Application layer is where everybody gets to exercise their innovations. Now is the time to generates SIP centric ideas and implementing them. All SIP application can be categorized in four categories -
  • Registrar Server - A server responsible to register a SIP user and its location
  • Proxy Server - A server responsible to act as the main server where as it is nothing but a proxy and knows which is the real server
  • Redirect Server - A server that redirects request to another server; an example of this functionality would be load balancing of requests
  • User Agent - This is a client side entity responsible for communicating with the server and server the Client's request. Anything could be user agent such as PC Software, Cell Phone, Refrigerator, Television, Microwave Owen etc.
Developers can develop applications that serve any of these purposes.

By the will of Almighty, I will soon make some postings about what could be SIP applications.

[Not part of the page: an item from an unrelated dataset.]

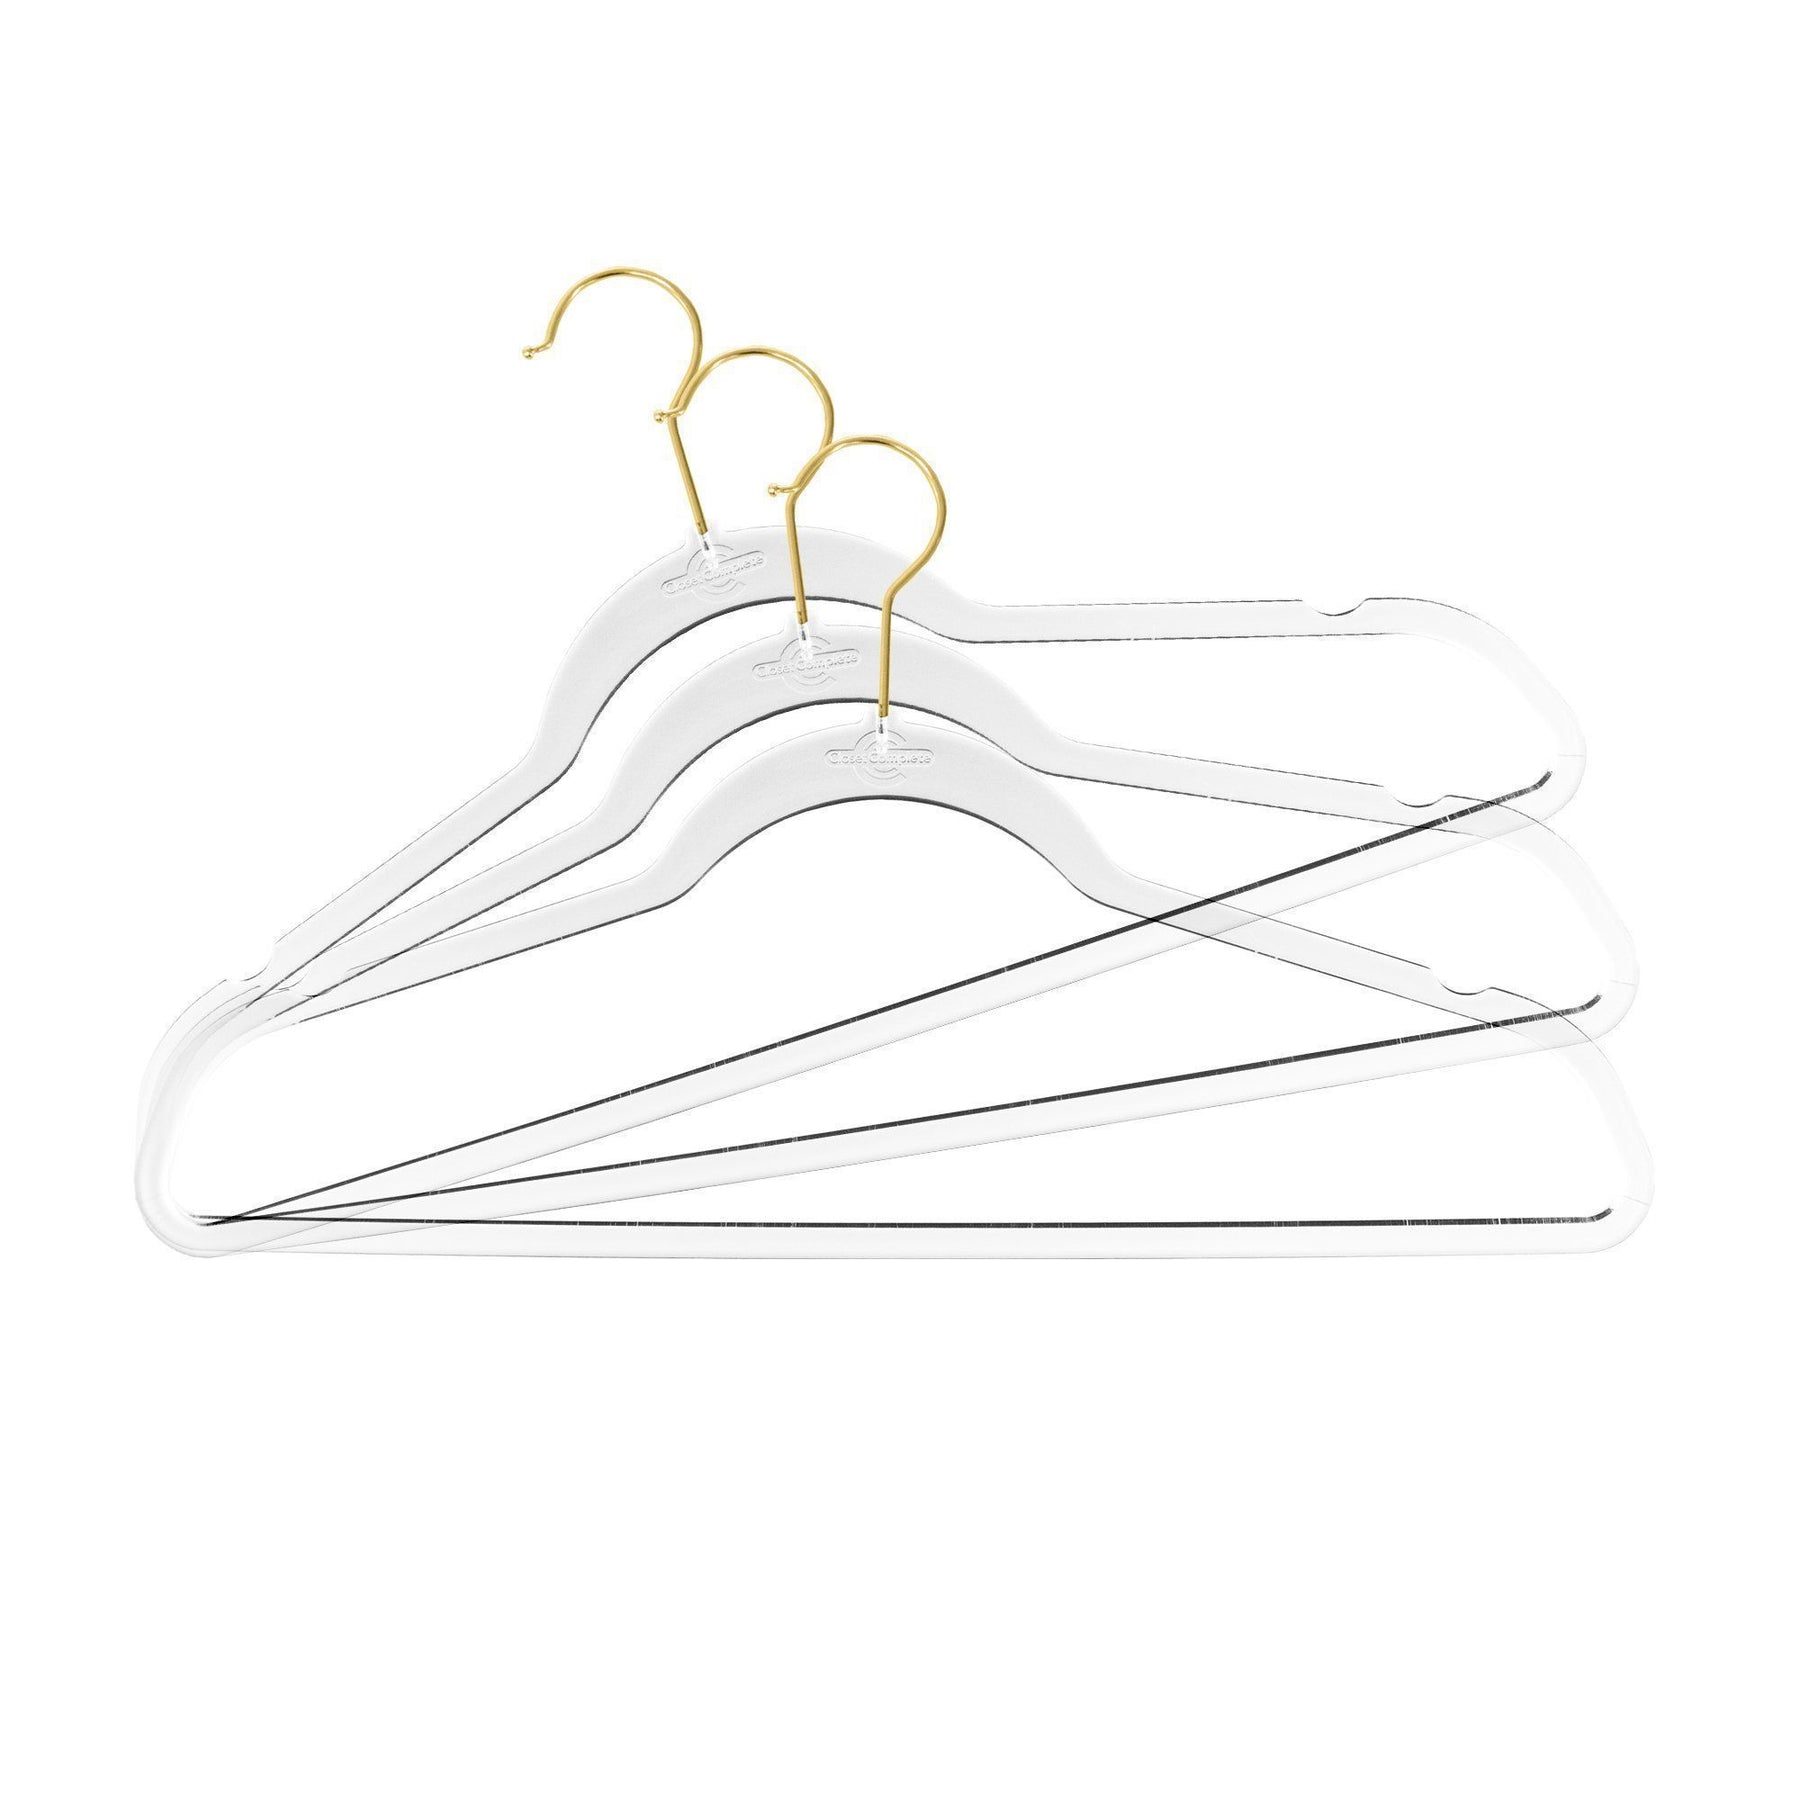 Quality Hangers 5 Pack 12.5 Inches Kids Size Acrylic Hangers – Crystal Clear Hangers for Kids Clothes 7-10 Years Old with Wide Matte Gold Metallic
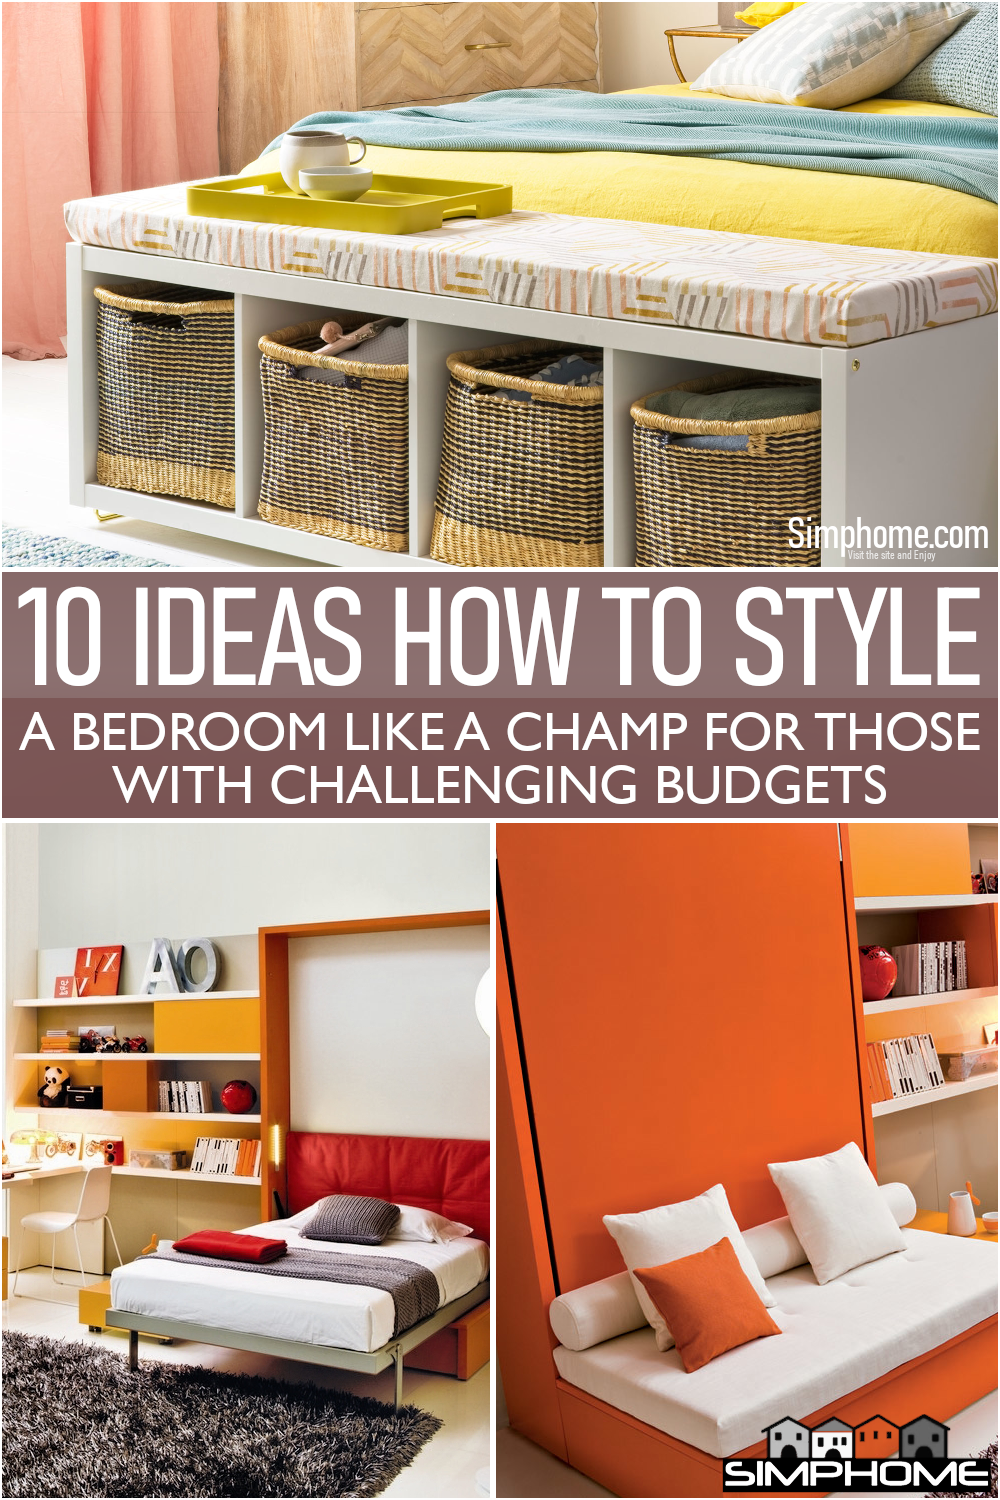 This poster will give you 10 Ideas How to Style A Bedroom Like A Cham

SIP - For next generation communication

I have been introduced to SIP (Session Initiation Protocol) from my college courses. From then it appealed a lot to me. As timed passed by I came to realize that with the rate in which everything is getting globalized it is a matter of time when VoIP will rule the world of communication. As internet is already accepted as the global information highway, communication is also bound to be built on that. SIP is IETF engineered protocol and open for everybody's suggestion.

Recently SIP related activities are very visible; especially, with reSIProcate, Jain-SIP protocol stacks popularity and major Java EE Container vendors supporting SIP Servlets it is easily comprehensable that industry is expecting a increase in use of SIP in business applications, as more and more applications want to include web based voice/video chat.

Recently, GlassFish project has introduced the SailFin project, which is a SIP Servlet container. Hopefully, by the will of Almighty, it will also include support for easy portability for Jain-SIP based server applications into its container as well.

If I were to bet on a technology of next generation I would place my bet on SIP based applications. Hopefully, by the will of Almighty, I hope to bring more writeups about SIP applications - mostly server side.